= DATASET CONTENT =
•••••
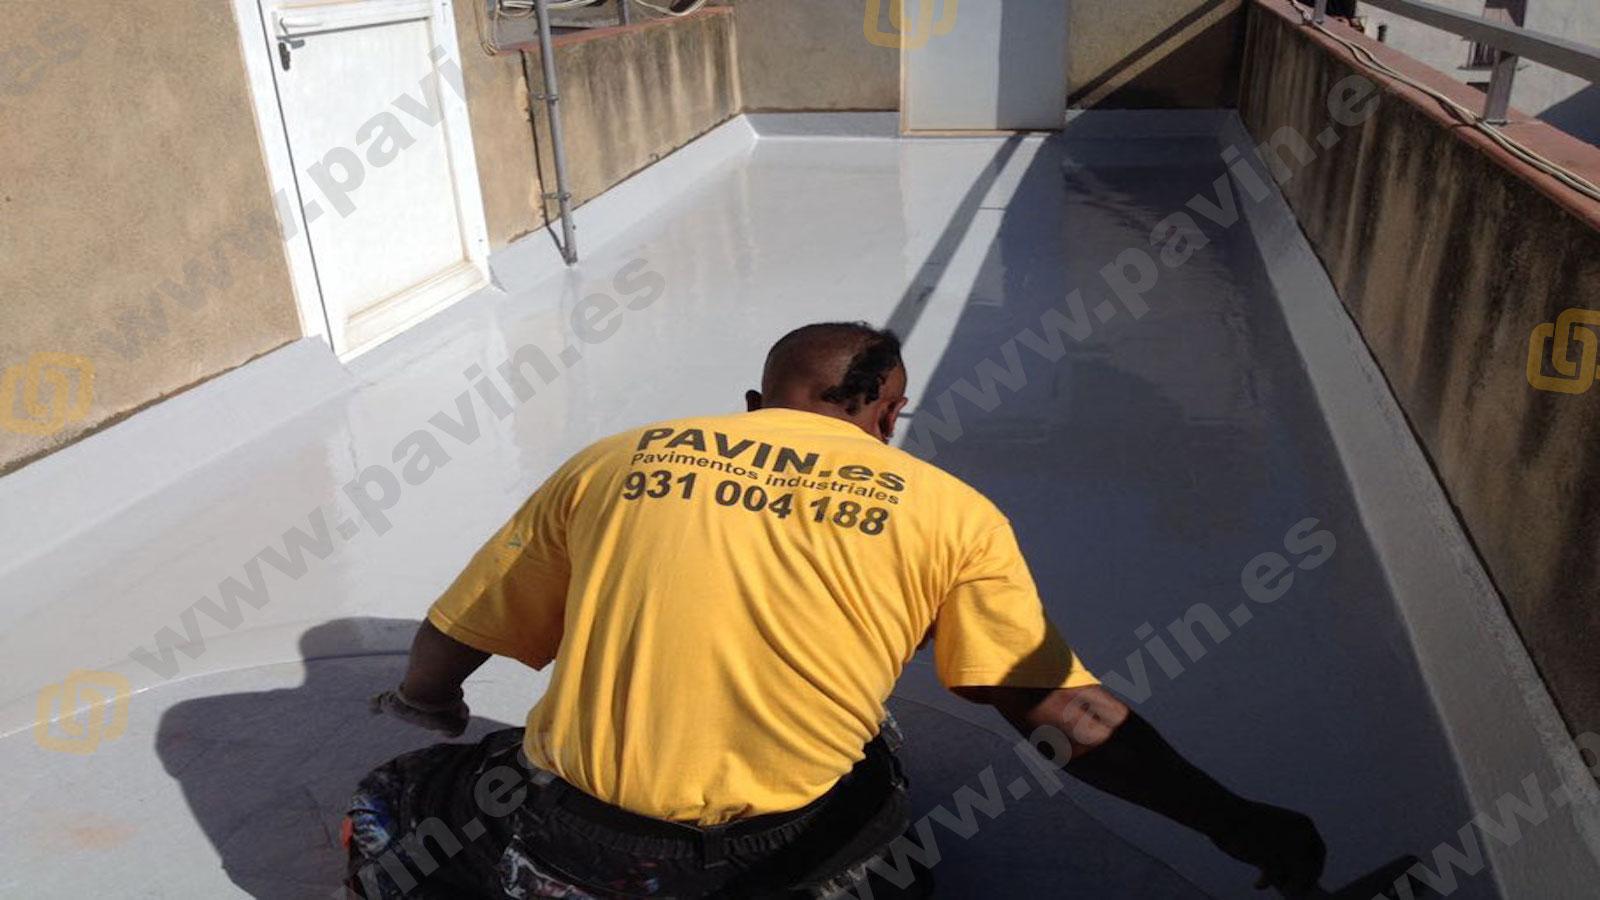 GRUPO PAVIN - Pavimentos industriales | 3 tipos de resina para pavimentos industriales explicados brevemente| Seleccionar el pavimento de resina correcto
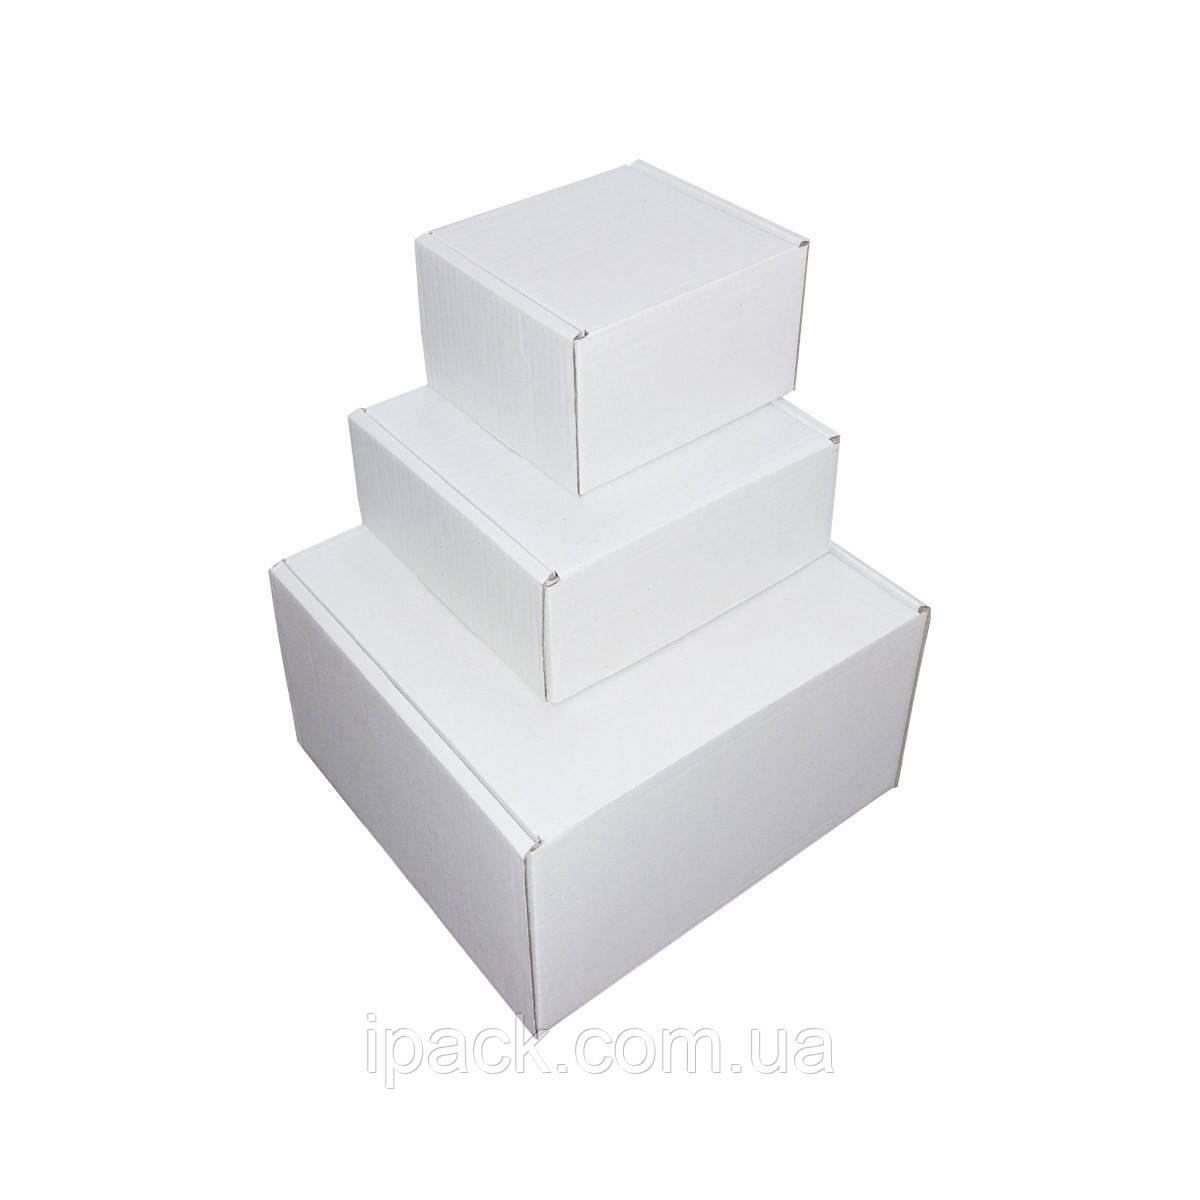 Коробка картонная самосборная, 310*210*100, мм, белая, микрогофрокартон
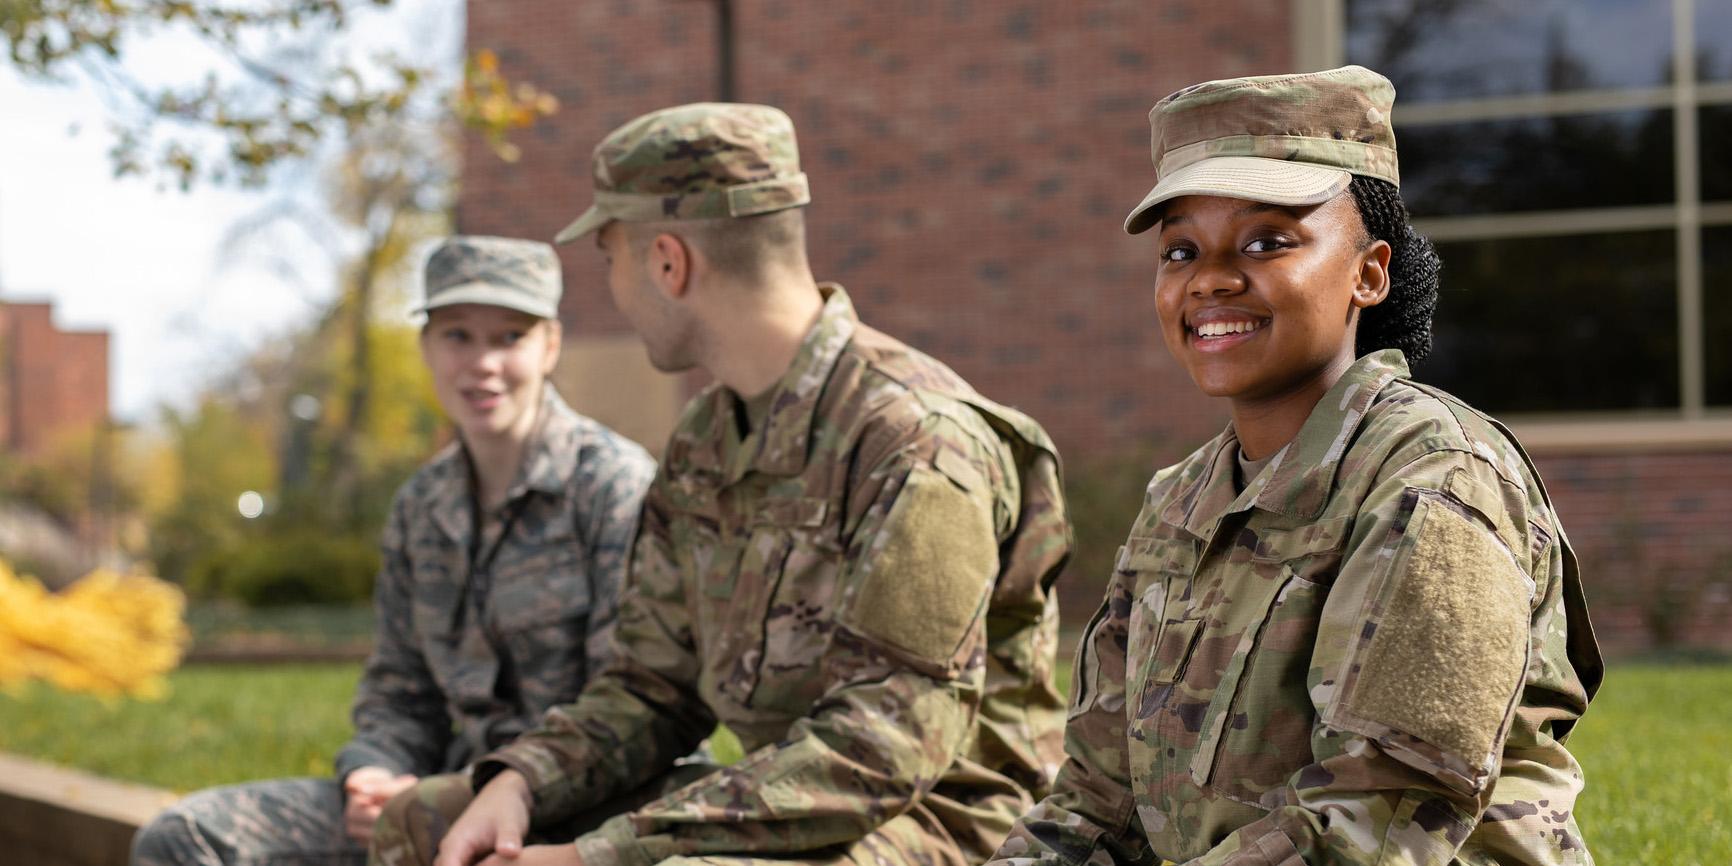 Military students at Bethel University
•••••
= ACTION ITEM =
Write out exactly, and only, the lines running from the line with "мм, белая, микрогофрокартон" to the last line above, both included, with all pictures omitted.

= EXERCISE SOLUTION =
 Коробка картонная самосборная, 310*210*100, мм, белая, микрогофрокартон
 Military students at Bethel University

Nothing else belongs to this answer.